I do not have any solution I am 100% happy with to the overflow dilemma in the previous post. Here is one of the solutions that does not make me 100% happy.


The first (partial) solution is: program so that overflows correspond exactly to unwanted circumstances (and then it becomes meaningful to verify the absence of overflows. There are great automatic tools for that. Have you heard of them?)

“Program so that…” sounds abstract, but it may be as simple as using larger integer types that won't overflow for all intermediate computations:

  s = (int)((long long) u1 - (long long)u2);

Then the desired property (variable s contains the mathematical difference of u1 and u2) entirely rests on the final conversion from long long to int.
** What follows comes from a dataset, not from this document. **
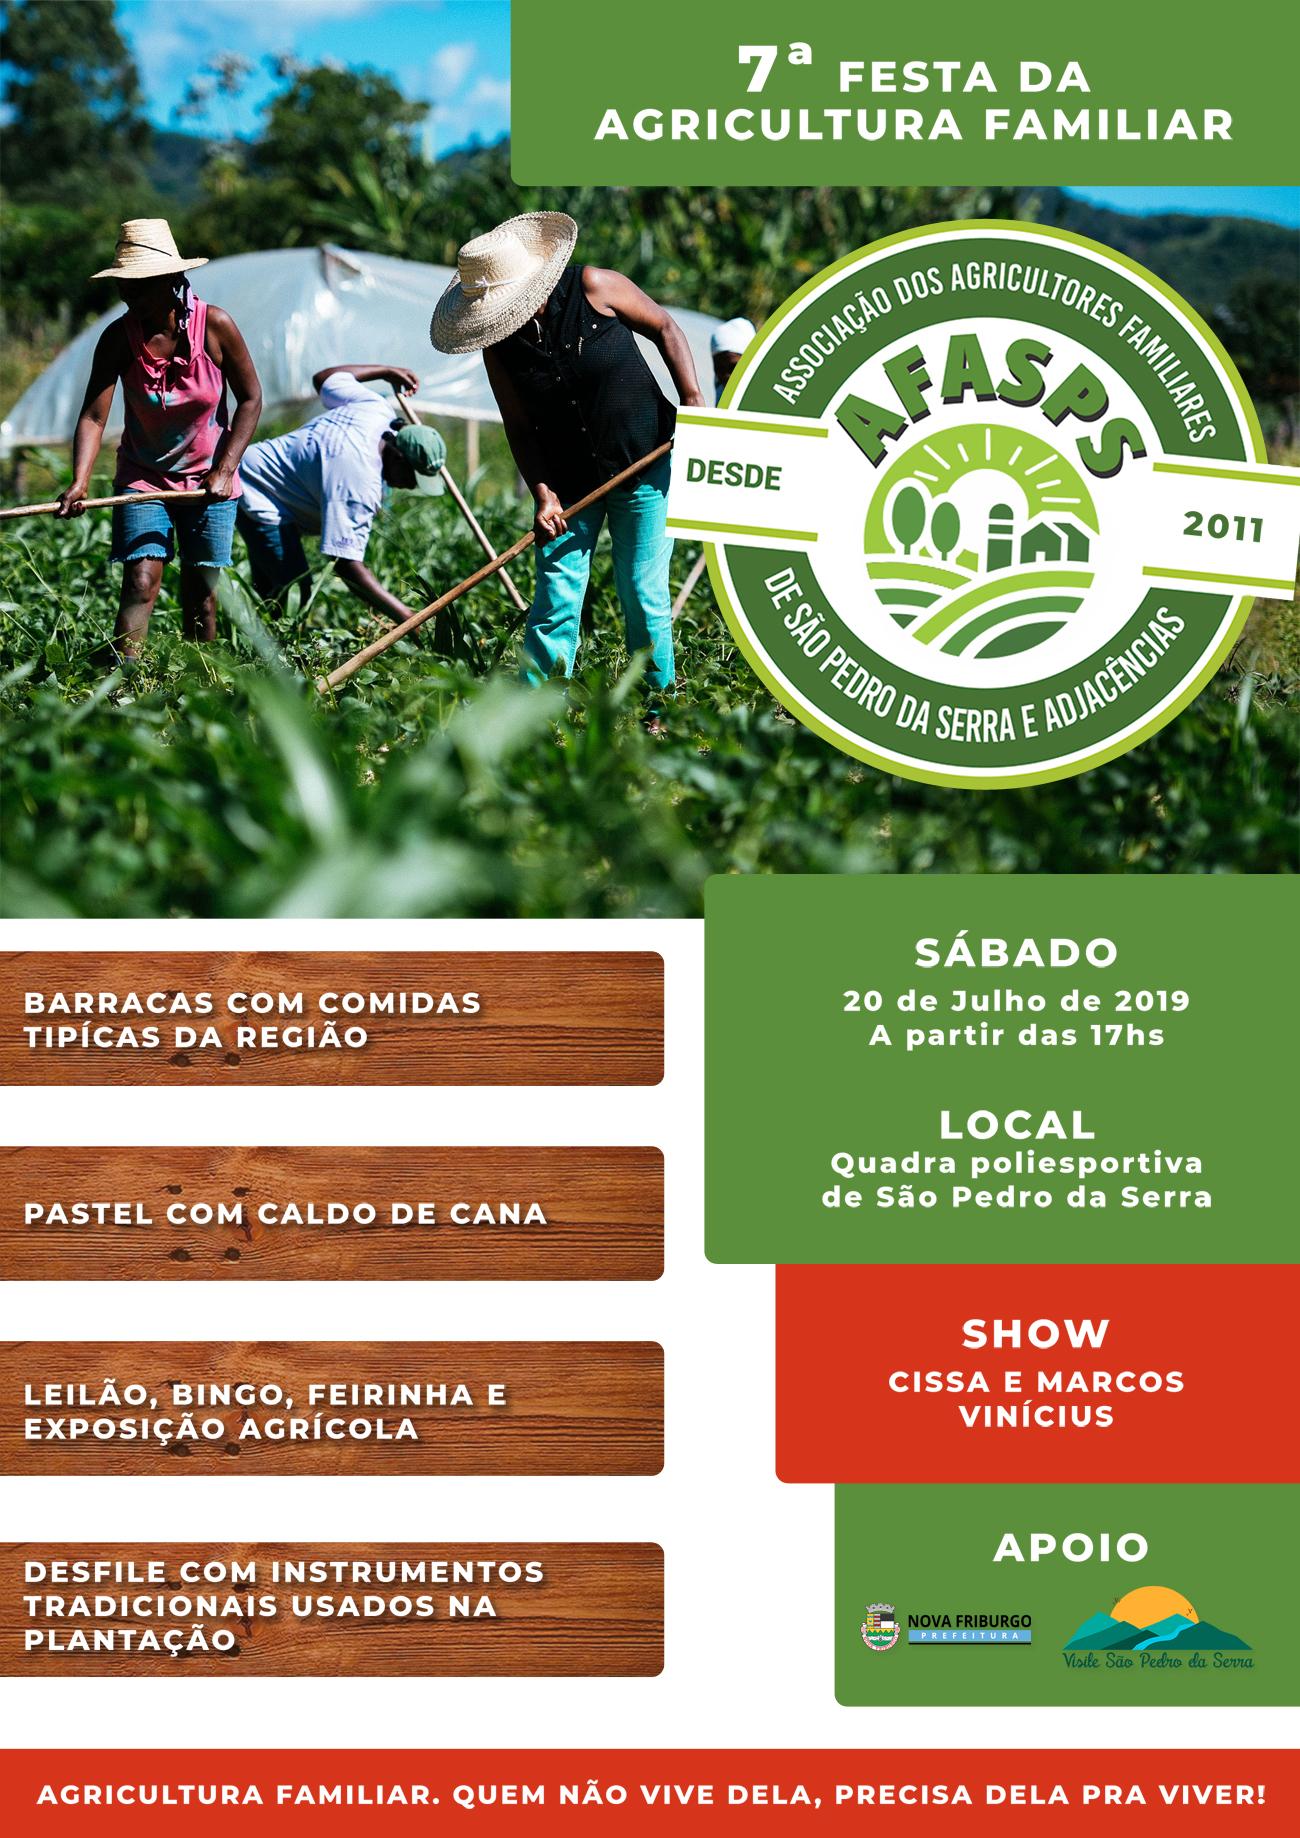 festa-do-agricultor-2019-sao-pedro-da-serra

This solution doesn't apply in the common situation where the code is already written and gratuitous changes to it are prohibited. Also, you need to have an integer type large enough to contain all intermediate computations without overflows. In this example, unsigned int is 32-bit and long long is 64-bit, but the standard does not prevent unsigned int to be 64-bit and the same size as long long, in which case the conversion from unsigned int to long long could overflow. Rte would only insert additional assertions for the two intermediate conversions that we have added in the assignment. This wouldn't help; it would only make things worse.


“Won't the generated code be less efficient?”, you rightly ask. That all depends on the compiler. Optimizing compilers have no trouble at all optimizing the above assignment so that it uses only one 32-bit subtraction. On the Linux workstation on which I tried this, both clang -m32 -O0 and gcc -m32 -O0 did. It is amusing, because the code generated by both compilers with -O0 is ugly (gratuitously moving registers to memory and then to registers again) but, even with optimizations disabled, they still both get the fact that it is only necessary to compute the least significant 32 bits of the result.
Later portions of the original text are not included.